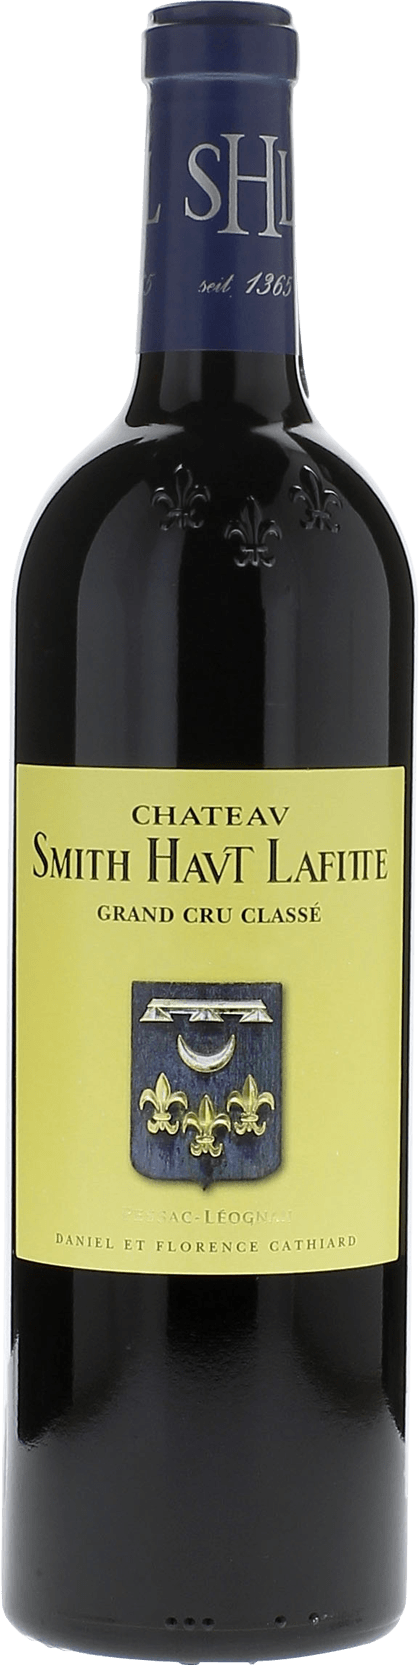 Smith haut lafitte 2008 Grand Cru Class Graves, Bordeaux rouge
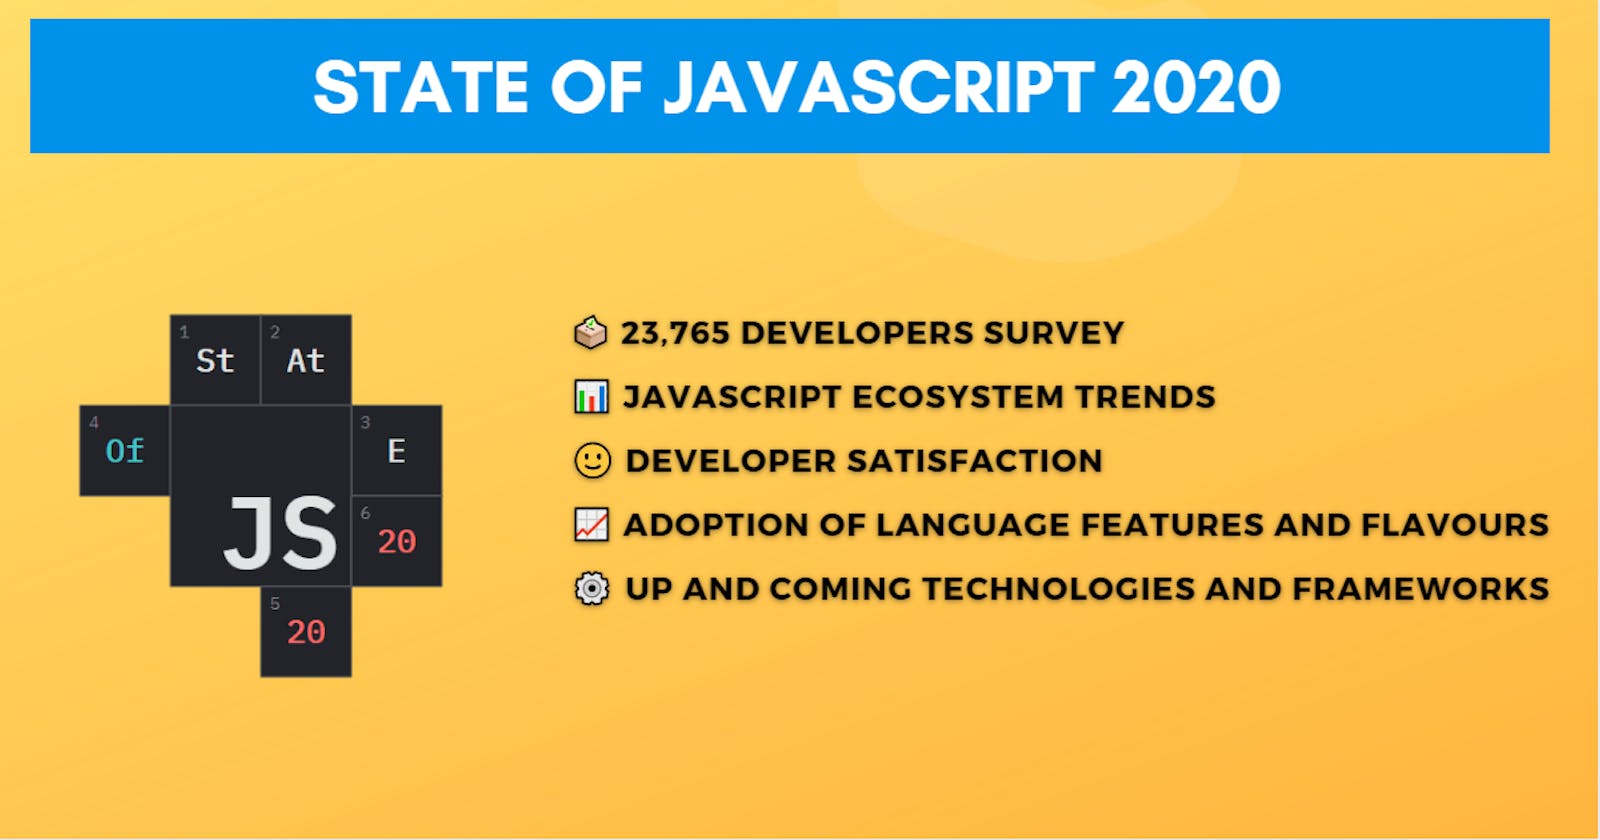 State of Javascript 2020
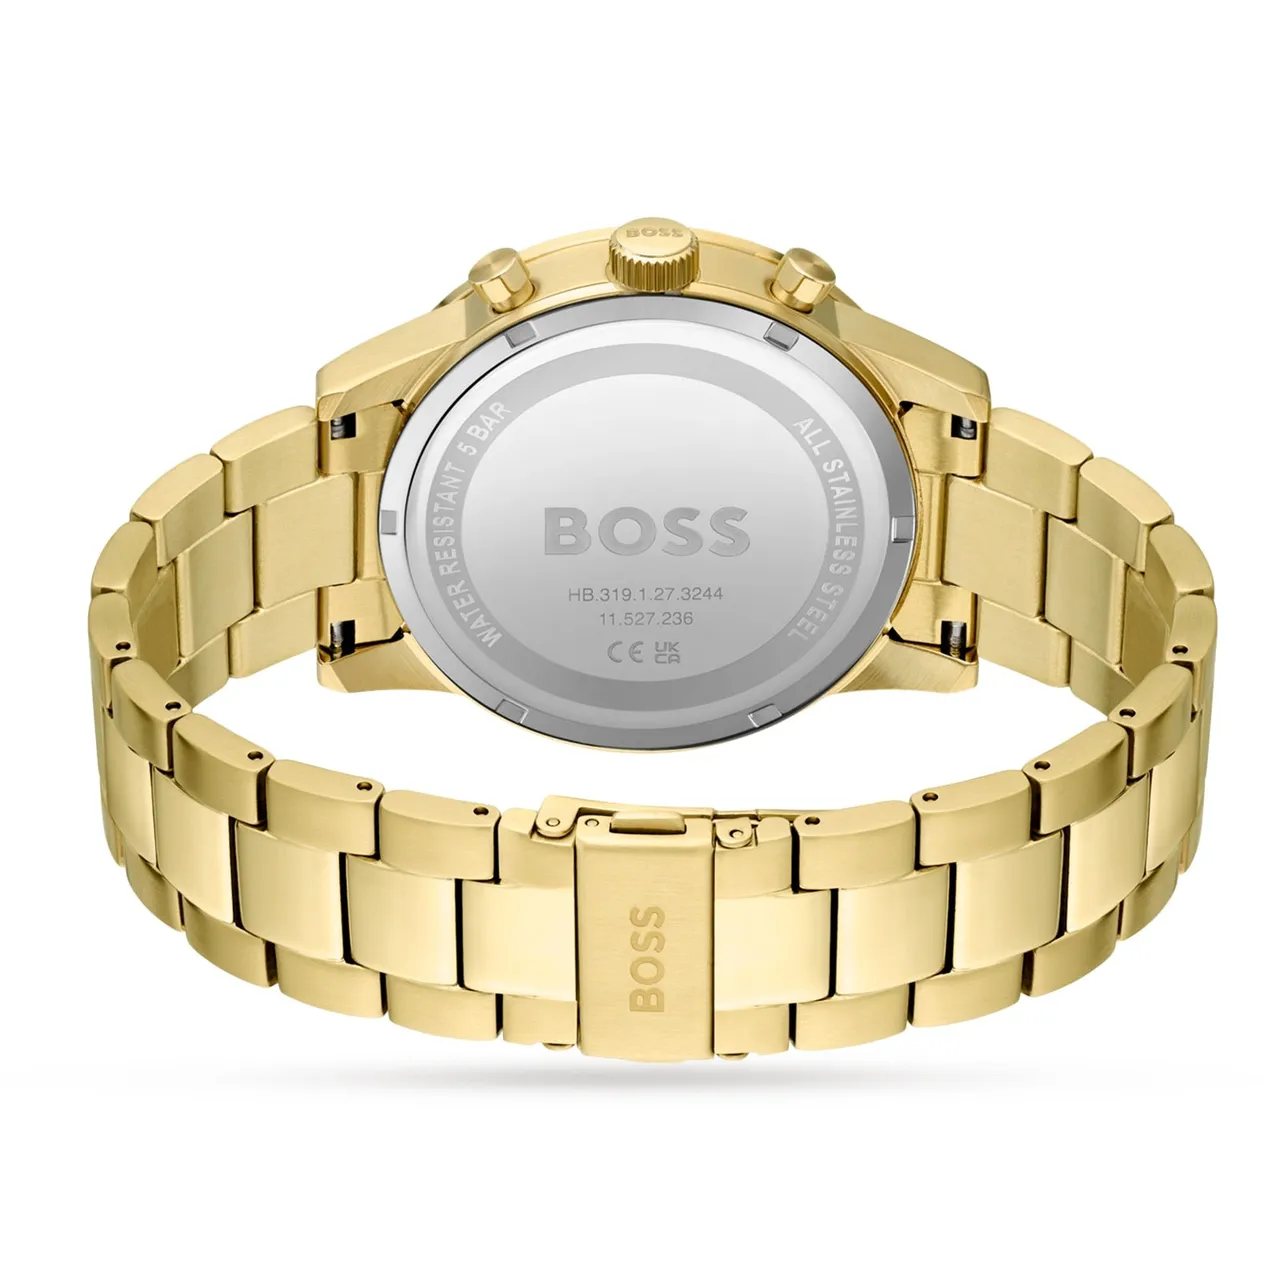 Hugo Boss 1513923 Allure Men's Watch
* * * *
Copy the full listing above exactly, apart from the pictures.

→ Output of the exercise
 Smith haut lafitte 2008 Grand Cru Class Graves, Bordeaux rouge
 State of Javascript 2020
 Hugo Boss 1513923 Allure Men's Watch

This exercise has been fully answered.